Re: How to do popcount (aka Hamming weight) in Perl
by Athanasius (Bishop) on Sep 24, 2017 at 12:54 UTC

Hello eyepopslikeamosquito,

The CPAN module Bit::Fast has a function popcountl, implemented in C, which operates on 64-bit integers and is claimed to be fast.

Disclaimer: I haven’t been able to test it because — although I have a 64-bit OS and a 64-bit Perl with USE_64_BIT_INT defined — my Perl was apparently built with LONGSIZE defined as 4, not 8, so (with use Config) \$Config{longsize} == 4 and popcountl doesn’t get built. I confess I don’t understand the issues involved here — maybe just a configuration problem?

Anyway, hope that’s of interest,

 Athanasius <°(((>< contra mundum Iustus alius egestas vitae, eros Piratica,

Re: How to do popcount (aka Hamming weight) in Perl
by marioroy (Priest) on Sep 24, 2017 at 16:12 UTC

Update 2: Thanks Dana, the popcnt function moved to util.h in Math::Prime::Util v0.62.

Update 1: Added links to popcount.cpp and popcnt.

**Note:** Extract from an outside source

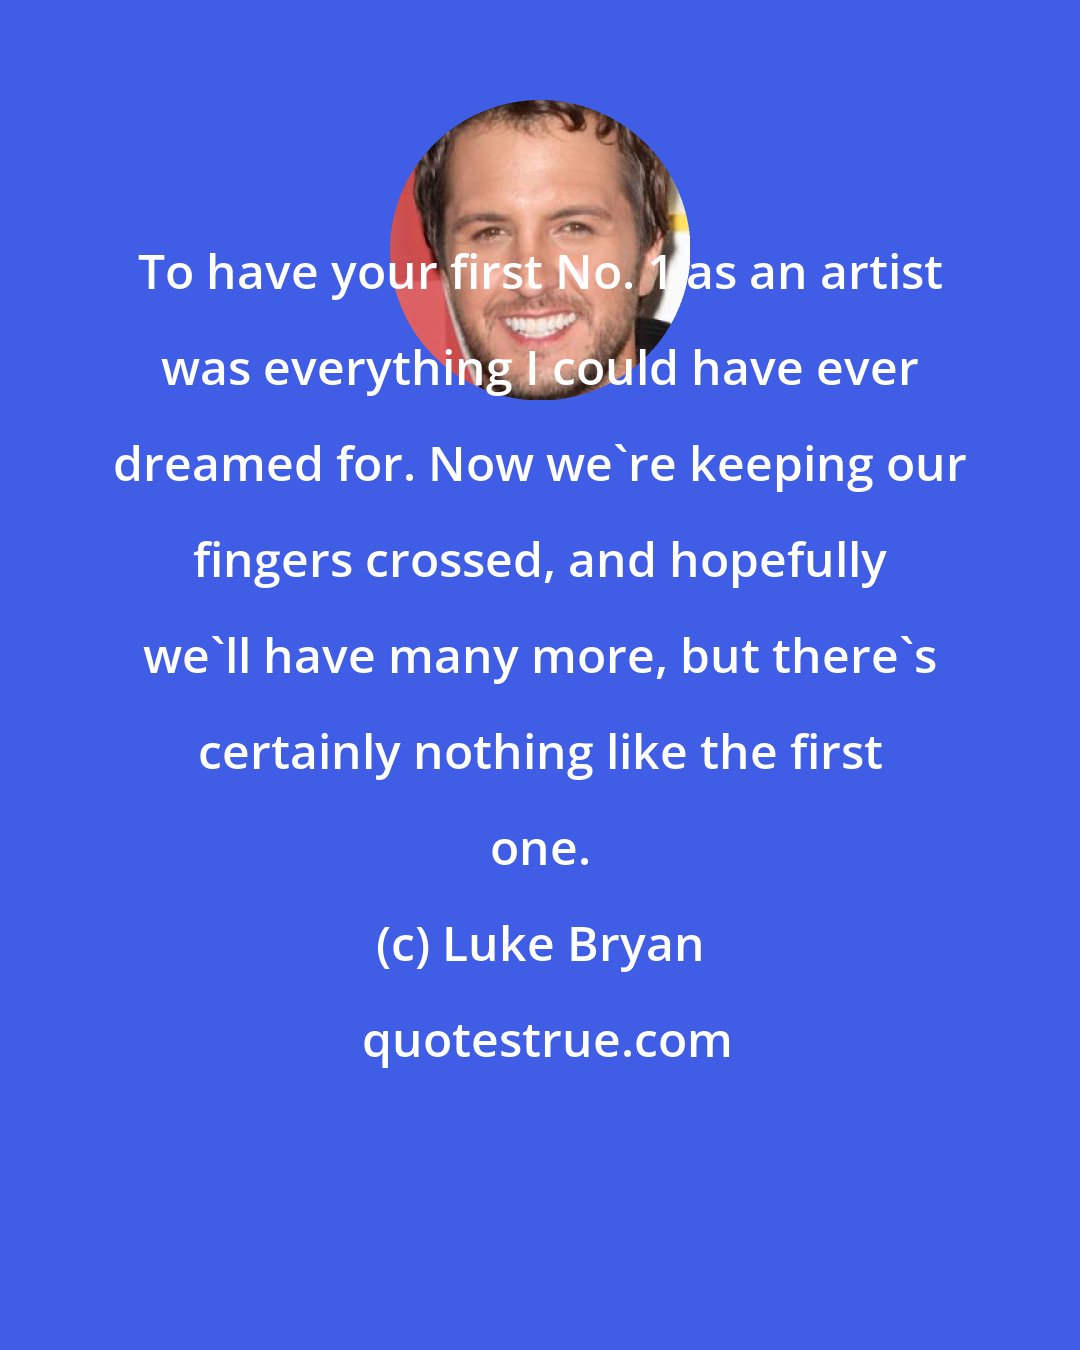 Luke Bryan: To have your first No. 1 as an artist was everything I could have ever dreamed for. Now we're keeping our fingers crossed, and hopefully we'll have many more, but there's certainly nothing like the first one.

Dana replaced popcnt with mpu_popcount_string in Math::Prime::Util v0.62.

Found in mce-sandbox/src/bits.h and used here, I received help by reading popcount.cpp from primesieve.org and util.c (popcnt) from Math::Prime::Util <= v0.61. Although the following is tailored for counting set bits inside a string, I'm sharing the code to show-case 64bits and 32bits support inside a function, determined by the __LP64__ pragma.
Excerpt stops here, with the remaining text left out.